Если с этими оговорками принять положение о том, что язык есть форма коммуникации между двумя индивидами, то придется сделать еще некоторые уточнения. Понятие «индивидуум» удобнее будет заменить «передающим сообщение» (адресантом) и «принимающим его» (адресатом). Это позволит ввести в схему те случаи, когда язык связывает не два индивидуума, а два других передающих (принимающих) устройства, например телеграфный аппарат и подключенное к нему автоматическое записывающее устройство.

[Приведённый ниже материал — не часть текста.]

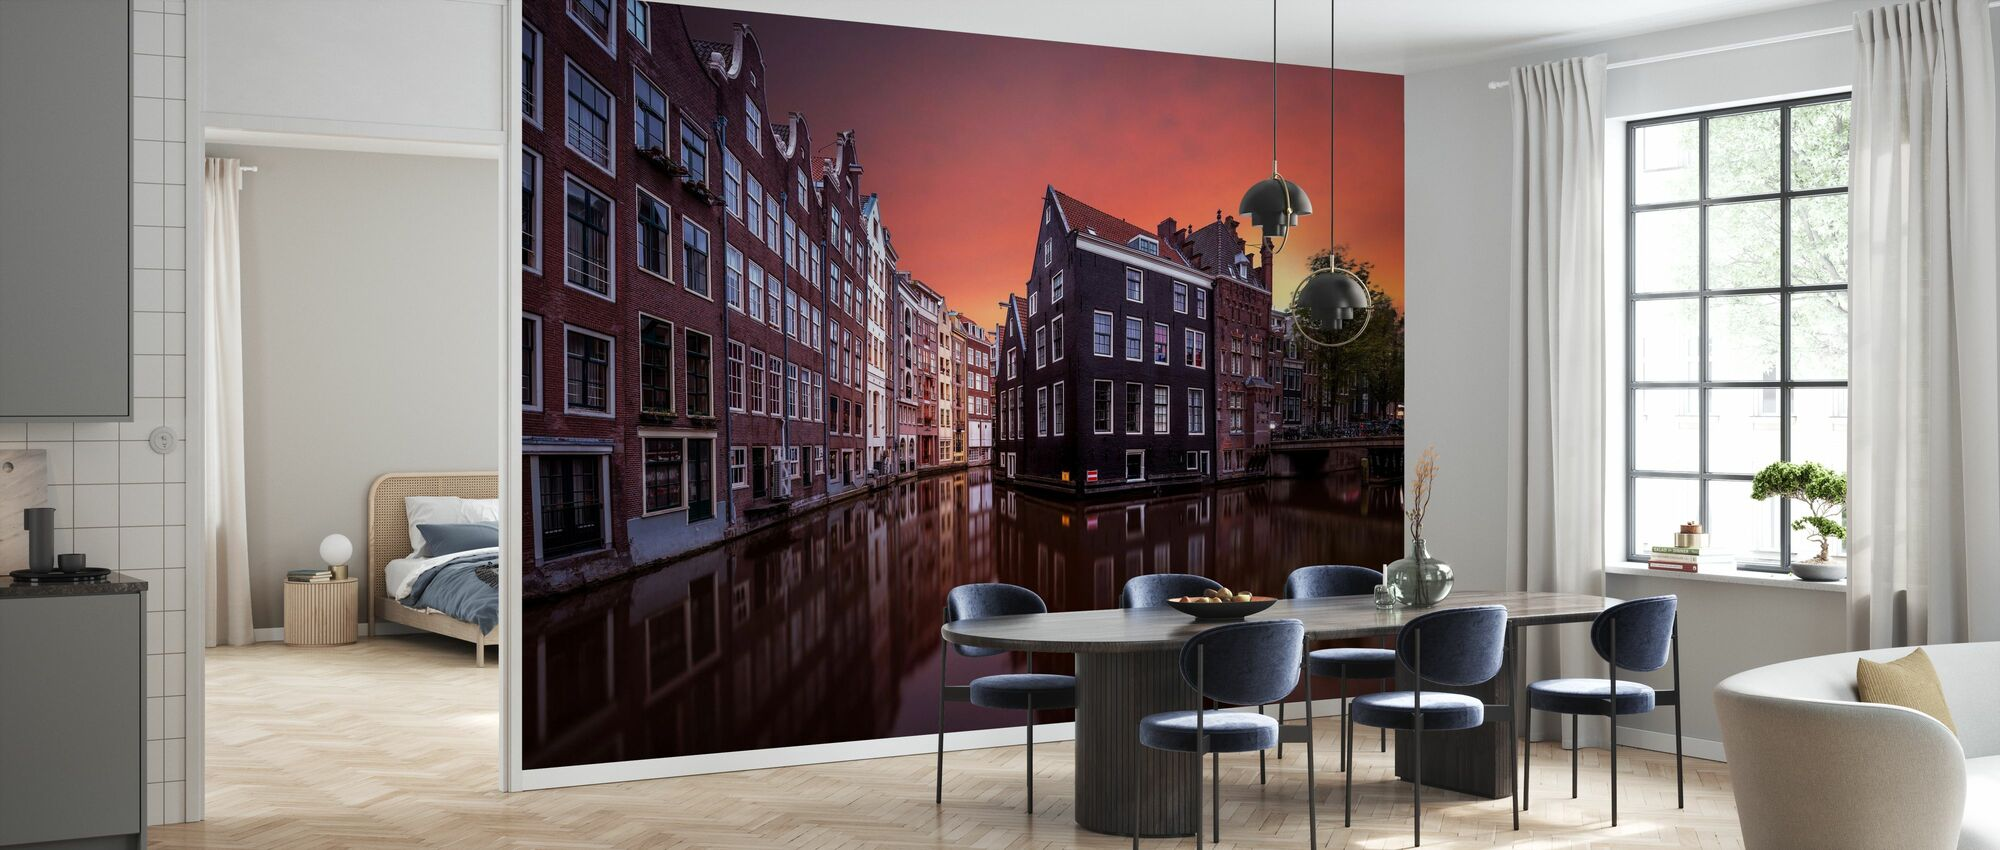 Amsterdam Dawn - Wallpaper - Kitchen

Но важнее другое — нередки случаи, когда один и тот же индивид выступает и как адресант и как адресат сообщения (заметки «на память», дневники, записные книжки). Информация тогда передается не в пространстве, а во времени и служит средством самоорганизации личности. Следовало бы считать, что данный случай — лишь малозначительная частность в общей массе социальных общений, если бы не одно соображение: можно рассматривать в качестве индивида отдельного человека, тогда схема коммуникации А В (от адресанта к адресату) будет явно преобладать над А А/ (адресант сам же является адресатом, но в другую единицу времени). Однако стоит подставить под «А», например, понятие «национальная культура», чтобы схема коммуникации А А/ получила по крайней мере равноправное значение с А В (в ряде культурных типов она будет главенствовать). Но сделаем следующий шаг — подставим под «А» человечество в целом. Тогда автокоммуникация станет (по крайней мере, в пределах исторически реального опыта) единственной схемой коммуникации.
Третье противопоставление отделит языки от тех промежуточных систем, которыми в основном занимается паралингвистика, — мимики, жестов и т. п.
Если понимать «язык» предложенным выше образом, то понятие это объединит:
а) естественные языки (например, русский, французский, эстонский, чешский);
б) искусственные языки: языки науки (метаязыки научных описаний), языки условных сигналов (например, дорожных знаков) и т. п.;
в) вторичные языки (вторичные моделирующие системы) — коммуникационные структуры, надстраивающиеся над естественно-языковым уровнем (миф, религия).
Итак, искусство может быть описано как некоторый вторичный язык, а произведение искусства — как текст на этом языке.
Доказательству и объяснению этого тезиса будет посвящена значительная часть предлагаемого вниманию читателей исследования. Пока ограничимся несколькими цитатами, подчеркивающими неотделимость поэтической идеи от особой, ей соответствующей структуры текста, особого языка искусства. Вот запись А. Блока (июль 1917 г.): «Ложь, что мысли повторяются. Каждая мысль нова, потому, что ее окружает и оформляет новое. „Чтоб он, воскреснув, встать не мог“ (моя), „Чтоб встать он из гроба не мог“ (Лермонтов — сейчас вспомнил) — совершенно разные мысли. Общее в них — „содержание“, что только доказывает лишний раз, что бесформенное содержание само по себе не существует, не имеет веса».[6]
Рассматривая природу семиотических структур, можно сделать одно наблюдение: сложность структуры находится в прямо пропорциональной зависимости от сложности передаваемой информации. Усложнение характера информации неизбежно приводит и к усложнению используемой для ее передачи семиотической системы. При этом в правильно построенной (то есть достигающей цели, ради которой она создана) семиотической системе не может быть излишней, неоправданной сложности.